Dua hari berlalu dari tiga hari waktu yang di berikan oleh raja untuk mengkap angin. Selama dua hari berlalu Abu Nawas tidak menyia-nyiakan sedikitpun waktunya untuk berpikir jalan keluar dari perintah baginda raja. Sampai-sampai tidak bisa tidur gara-gara masalah tersebut. Dia berpikir apabila dia tidak bisa memikirkan jalan keluarnya, dia harus mendekam di penjara istana untuk waktu yang lama.

Hari ketiga pun sampai, namun belum keluar juga ide bagaimana cara menjawab pertanyaan baginda raja nanti. Namun Abu Nawas tanpa berpikir panjang langsung melangkah kakinya dari rumah menuju istana, meskipun belum memiliki jawaban dari titah baginda raja. Semasa dalam perjalanan Abu Nawas teringat dengan satu kisah yaitu kisah Aladin dan Lampu Ajaibnya. Abu Nawas berpikir, Jin kan tidak terlihat juga layaknya angin.


Setelah memikirkan hal itu, Abu Nawas kembali lagi kerumahnya dengan tergesa-gesa dan mempersiapkan bahan-bahan yang dibutuhkan untuk menjawab pertanyaan raja nanti. Setelah mempersiapkan semua, Abu Nawas langsung menuju ke Istana dengan warah ceria.

Sesampai di istana, Raja langsung bertanya kepada Abu Nawas apakah dia berhasil menangkap angin yang di suruhnya? Abu Nawas menjawab "Berhasil Paduka yang mulia" sambil mengeluarkan sebuah botol yang tertutup rapat.

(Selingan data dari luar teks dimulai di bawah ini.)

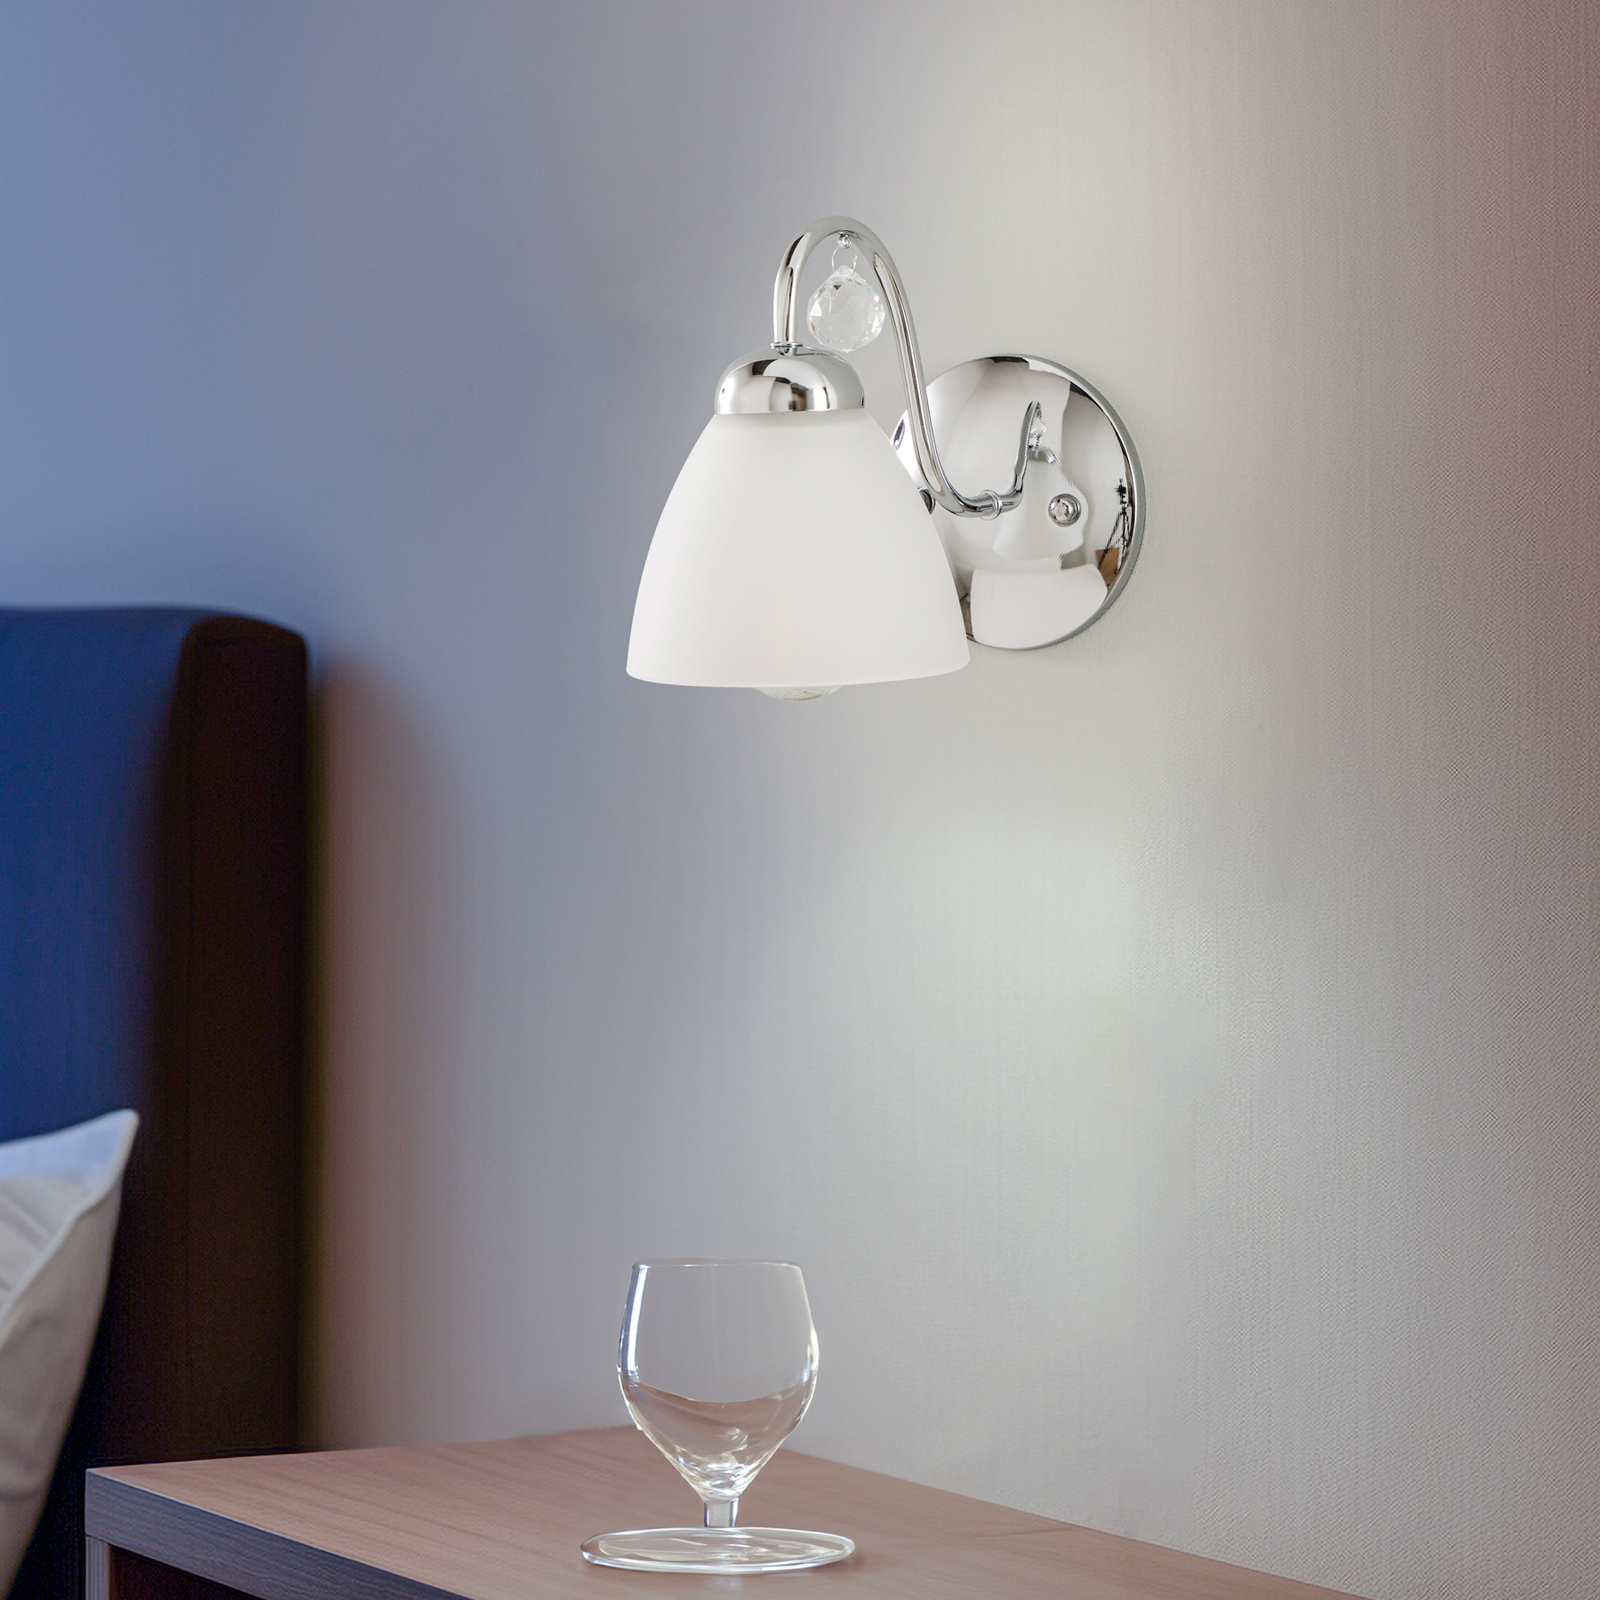 Miranda wall light with a glass lampshade, chrome

Kemudian Baginda raja bertanya, "Dimana angin itu Abu Nawas?"
"Di dalam botol tersebut Tuanku, apabila tuanku hendak membuktikannya, tutup botol tersebut harus di buka terlebih dahulu tuanku". Jawab Abu Nawas hormat.

Mendengar perkataan Abu Nawas, Baginda Raja langsung membuka tutup botol tersebut dan kemudian Baginda raja mencium bau yang sangat menyengat yang keluar dari botol tersebut. Kemudian Baginda Raja Bertanya dengan suara yang lantang dan marah, "Bau busuk apakah ini hai Abu Nawas?" 

Abu Nawas menjawab "Ampun tuanku, Semasa dalam perjalanan hendak kemari tadi saya kentut kedalam botol tersebut, karena saya takut angin itu keluar dan tidak sampai kehadapan tuanku maka saya tutup tutup botolnya.


Mendengar penjelasan Abu Nawas yang begitu, Baginda raja tidak jadi marah, malah baginda raja tertawa terbahak-bahak. Dan Baginda raja berpikir memang benar Abu Nawas sudah membuktikan kalau Abu Nawas sudah berhasil menangkap Angin.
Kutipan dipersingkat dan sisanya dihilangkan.